- [Exercise description] Keep the text of the data exactly as it is and omit each picture from the copy.

Segment Start: Data provided

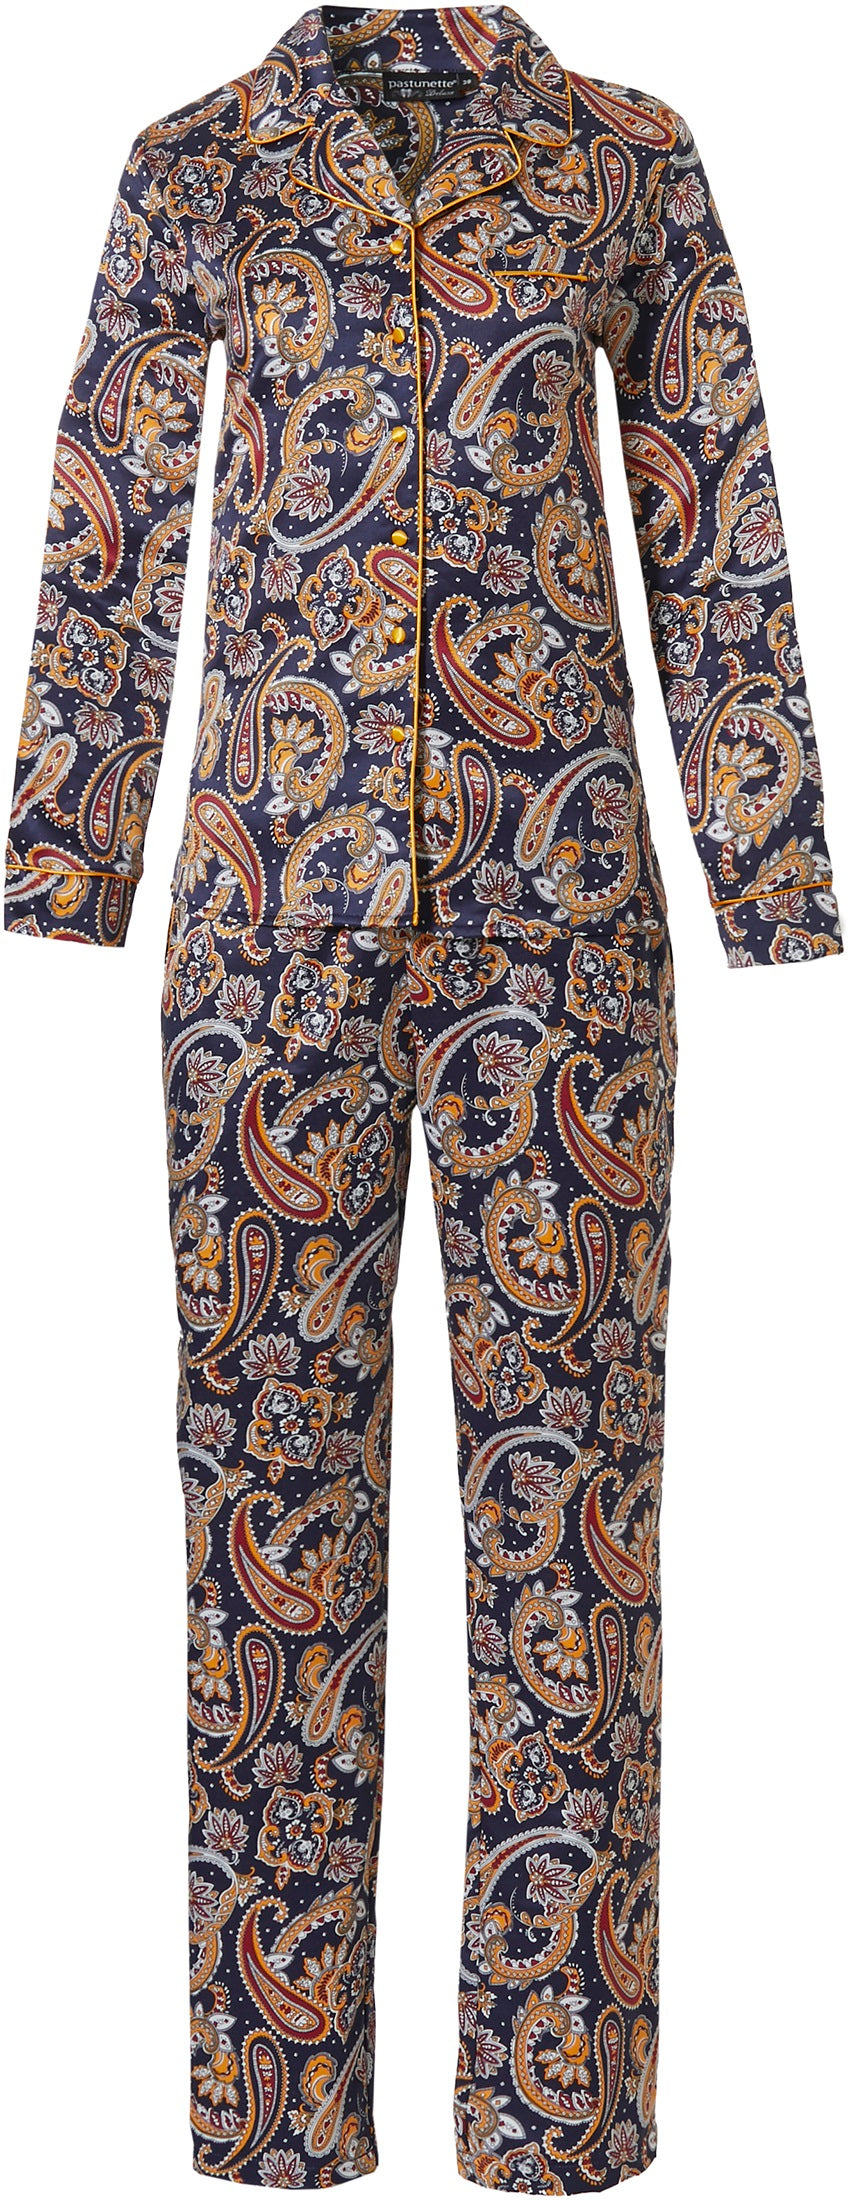 Pastunette Ladies Navy Blue Paisley Print Pyjama Set 100% Cotton
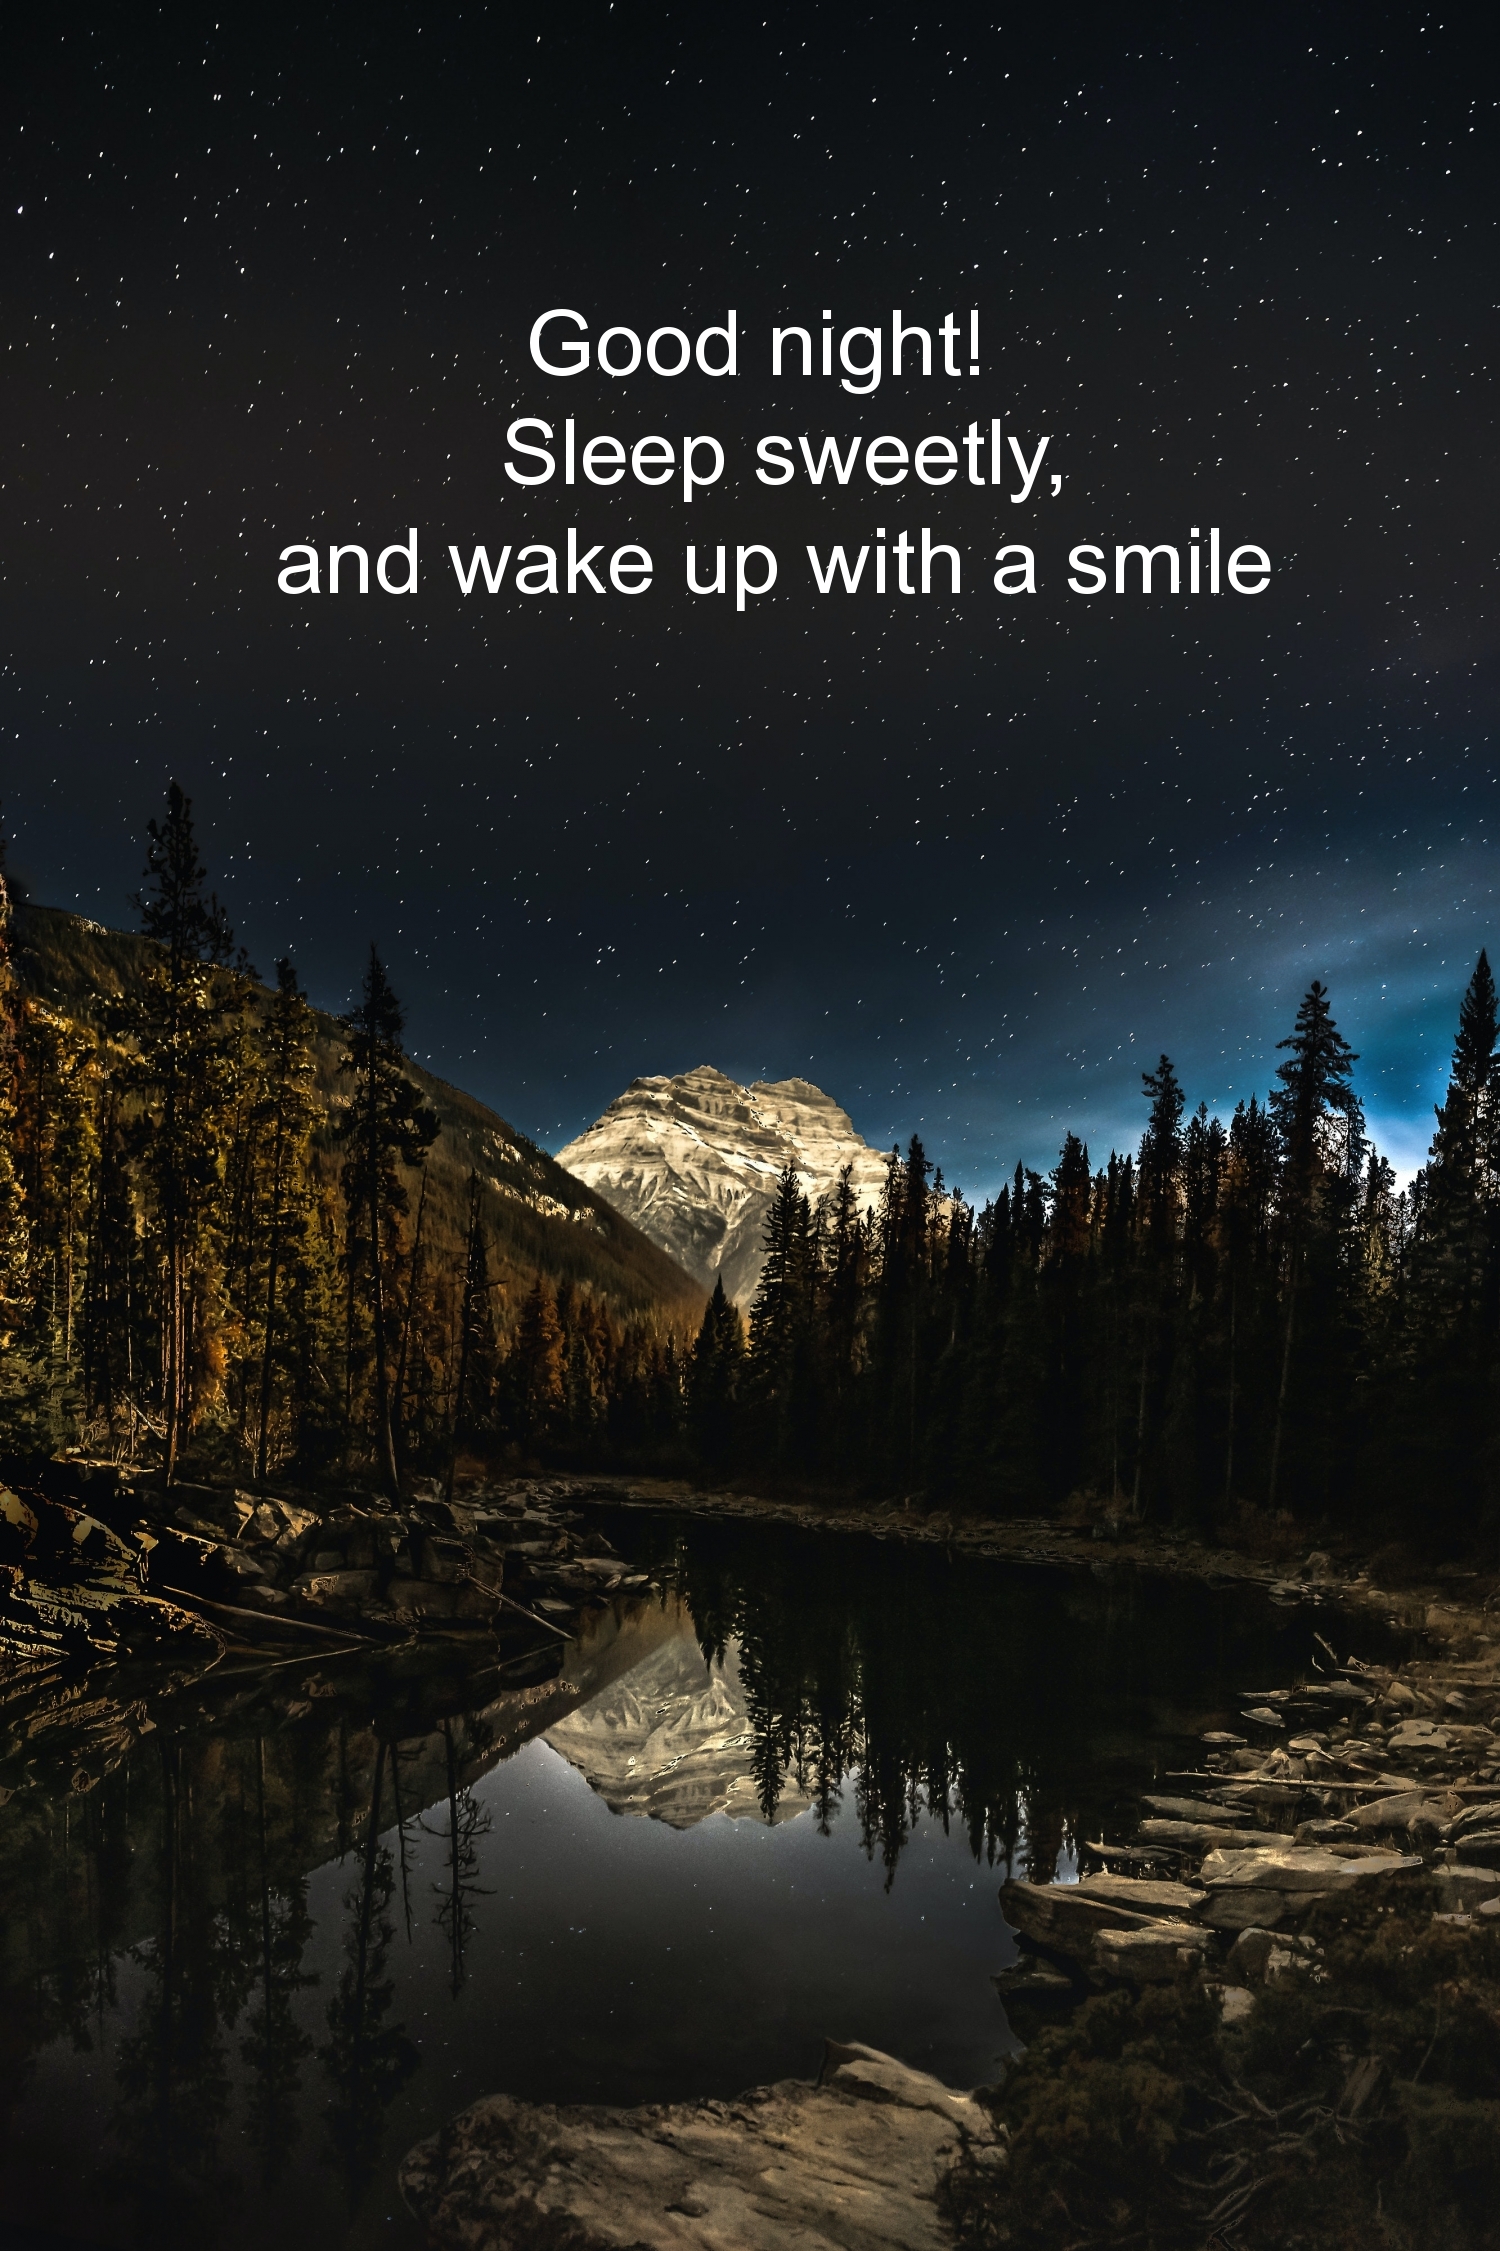 Good night! Sleep sweetly, and wake up with a smile
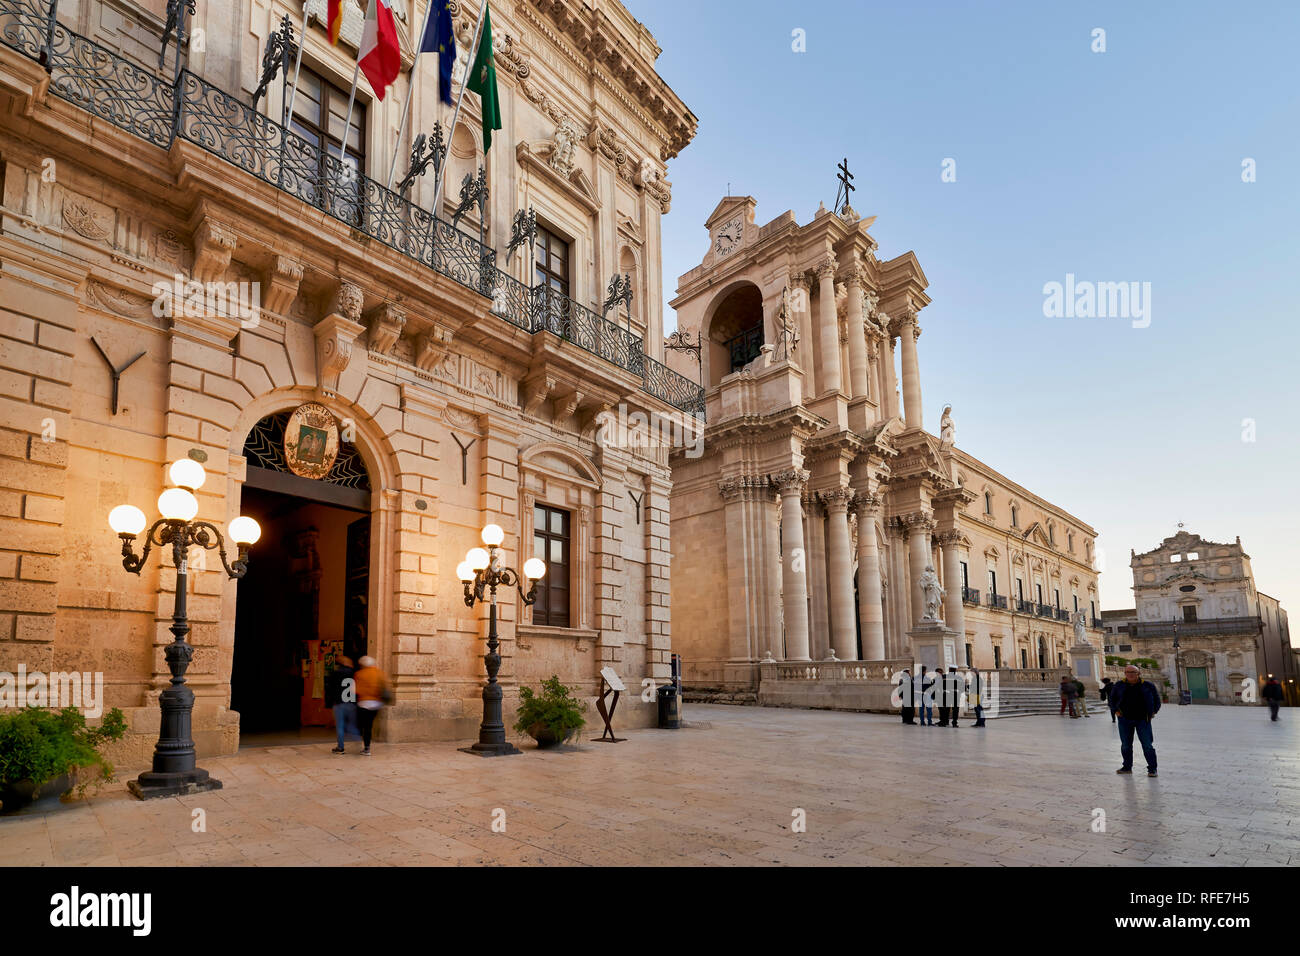 Das Rathaus von Syrakus, der Insel Ortygia. In Piazza Duomo. Sizilien, Italien Stockfoto

Segment End: Data provided

- [Result of this task]
 Pastunette Ladies Navy Blue Paisley Print Pyjama Set 100% Cotton
 Good night! Sleep sweetly, and wake up with a smile
 Das Rathaus von Syrakus, der Insel Ortygia. In Piazza Duomo. Sizilien, Italien Stockfoto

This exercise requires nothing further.